As God has first loved us, we will love others. So then, why is there so much hate in our world? Why do people rise up against those whose ancestry, or skin color is different from their own? Why do we hurt one another? Why? I wonder if it is because we are filled with the fear of loss. People are afraid of losing themselves, or their history, or their tradition. People are afraid of losing their power, or their possessions. We are afraid that our world will never return to normal. We are afraid the wrong people will get elected. We are afraid. And fear usually ends up as hate.
We forget, they forget, in whose image we are made. It is God’s image on that coin, it is God’s image on our hearts.

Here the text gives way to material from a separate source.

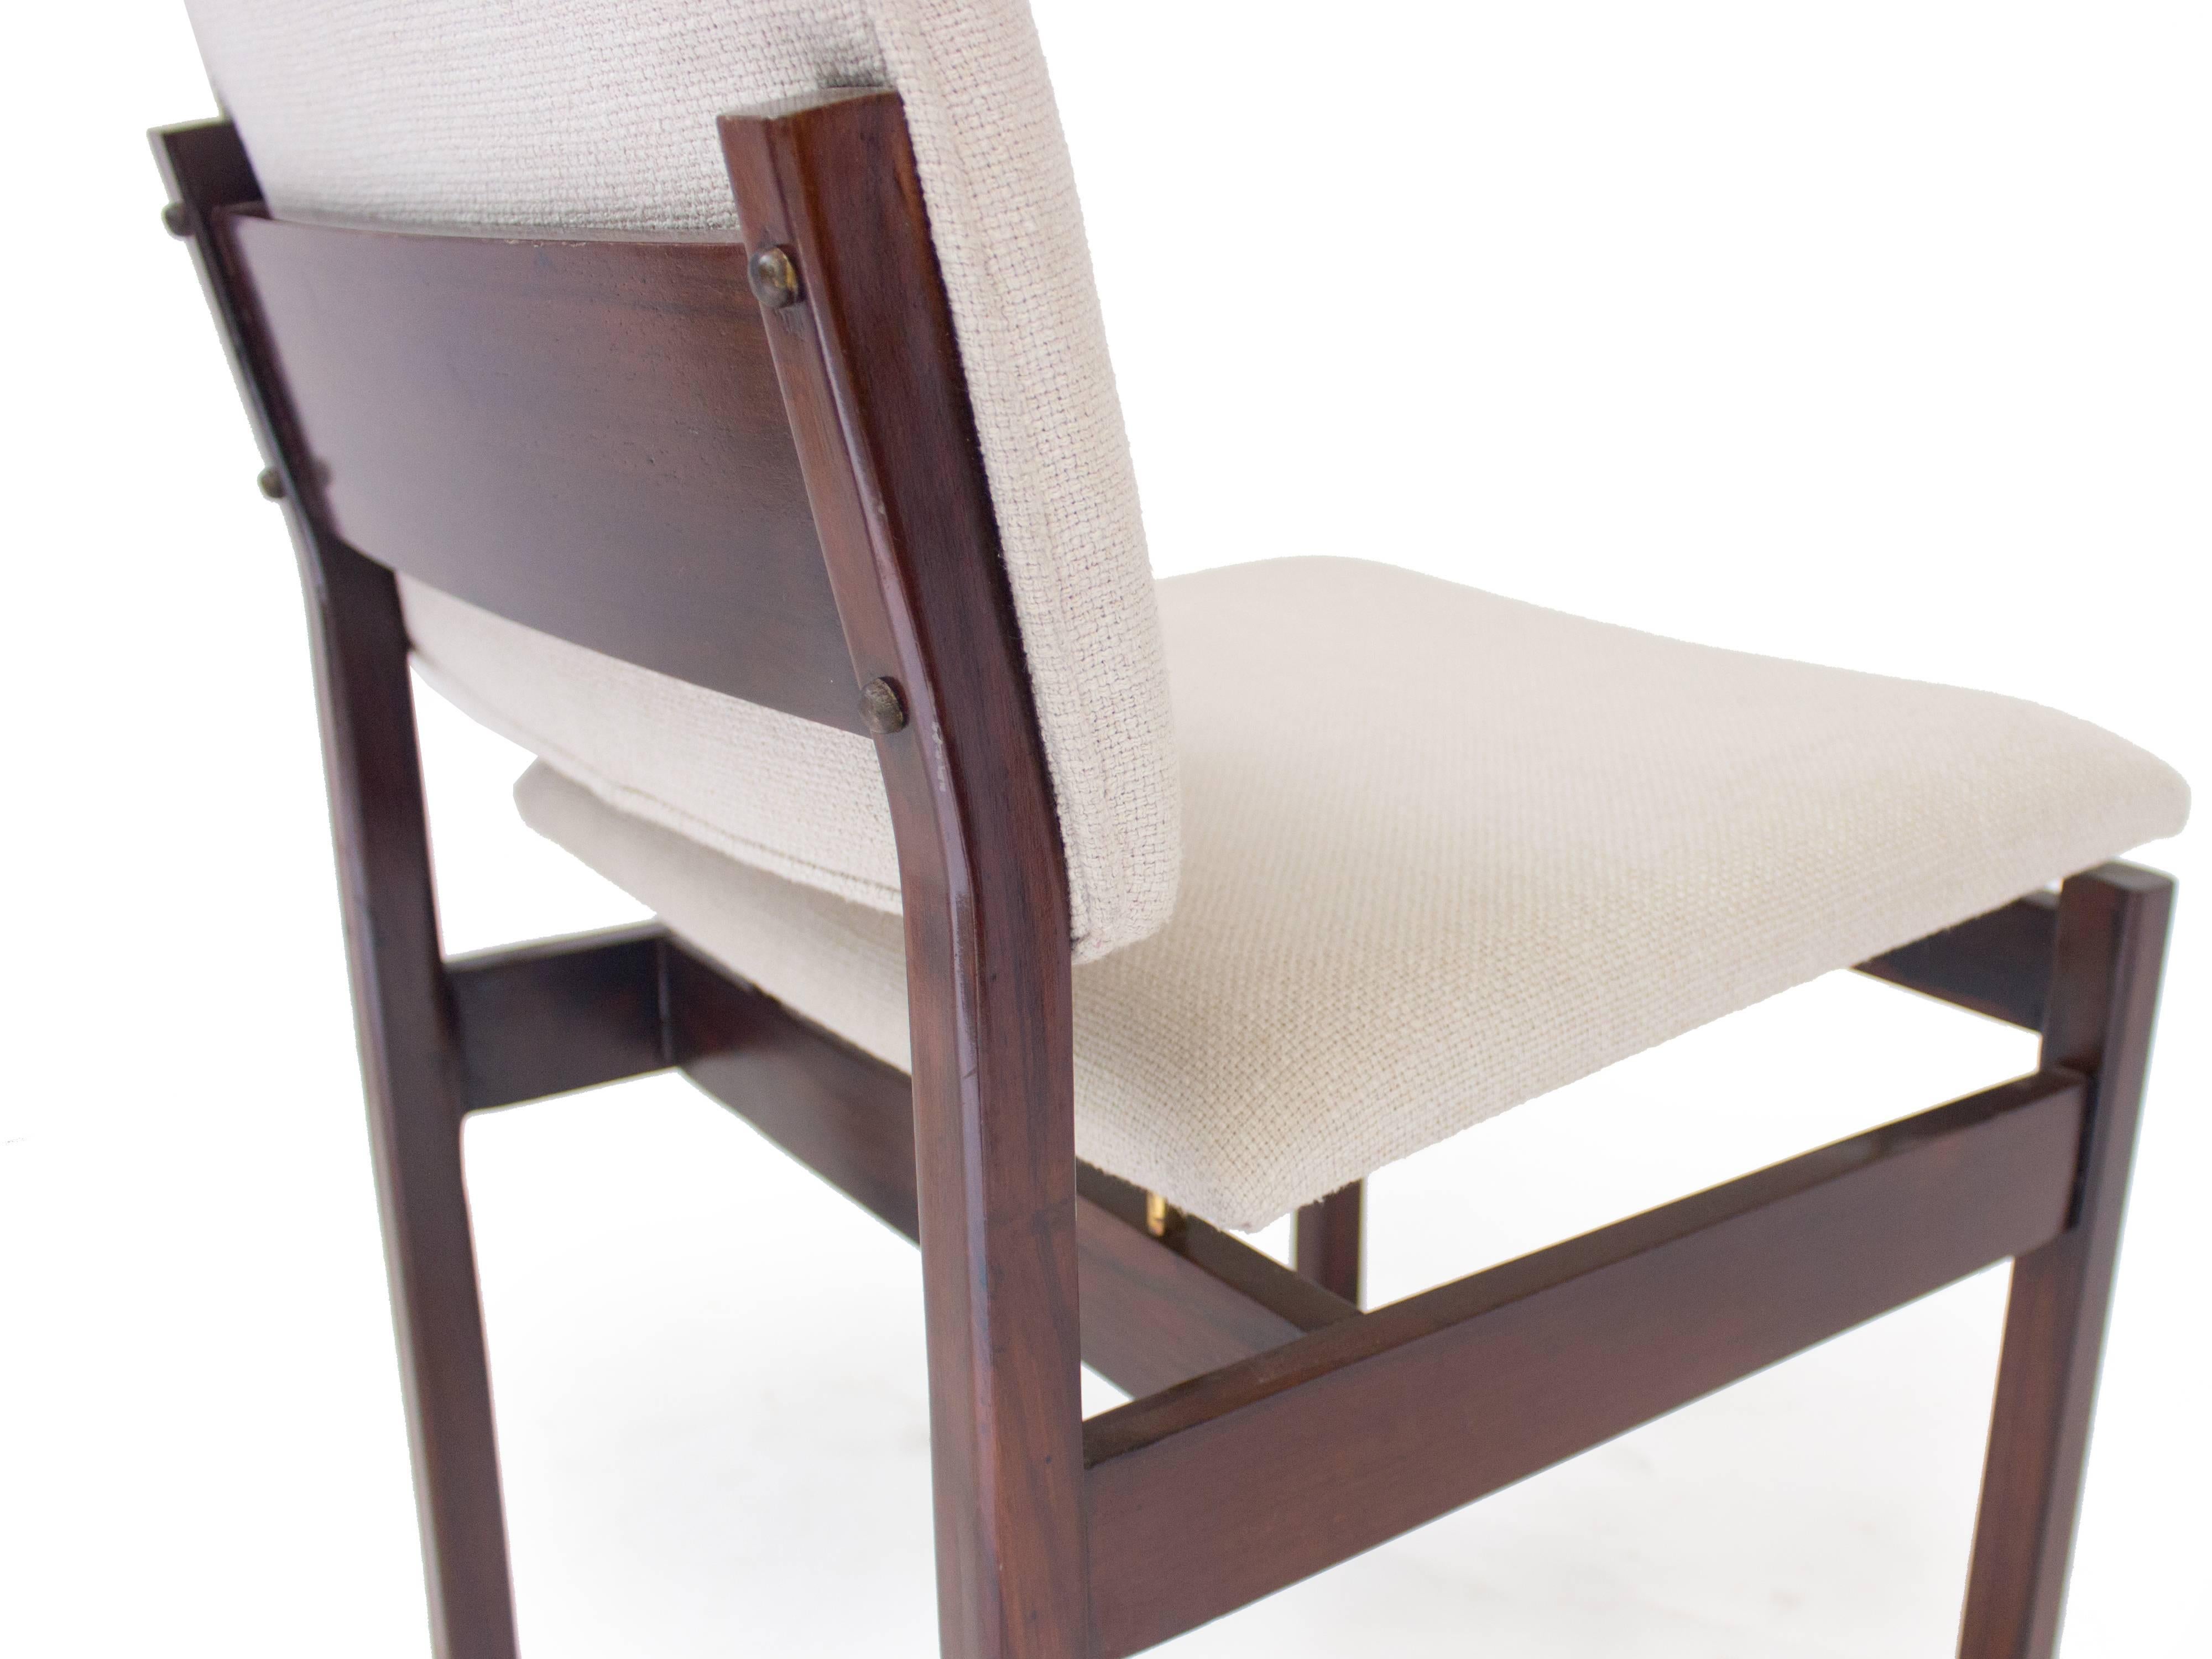 19th Century Arredamento Midcentury Chair in Brazilian Wood with Linen Upholstery, 60s

We are made for love; we are made for relationship. We are made to love our neighbor.
And this is Jesus’ call to us and claim on us. Everything comes from God and belongs to God, and that demands a pattern of action, love God with everything you are, and love your neighbor; remembering that love is not how we feel, but a decision we make, a pattern of action. Love is a pattern of action. This is how we are to love our neighbors, and our neighbors are everyone, the outcasts and the sinners, you and me. Following Jesus, begin a Christian, is about a pattern of love, and no one is excluded from that love. That love, that relationship with God through Jesus is transforming love. And that love sends us out into the world to serve God and serve one another.
The original question the Pharisees ask Jesus is, which commandment in the law is the greatest? Jesus answers not with law, but with the pattern of action that is love. You shall love the lord your God with all your heart, and with all you soul, and with all your mind, and you shall love your neighbor as yourself. Love does indeed win.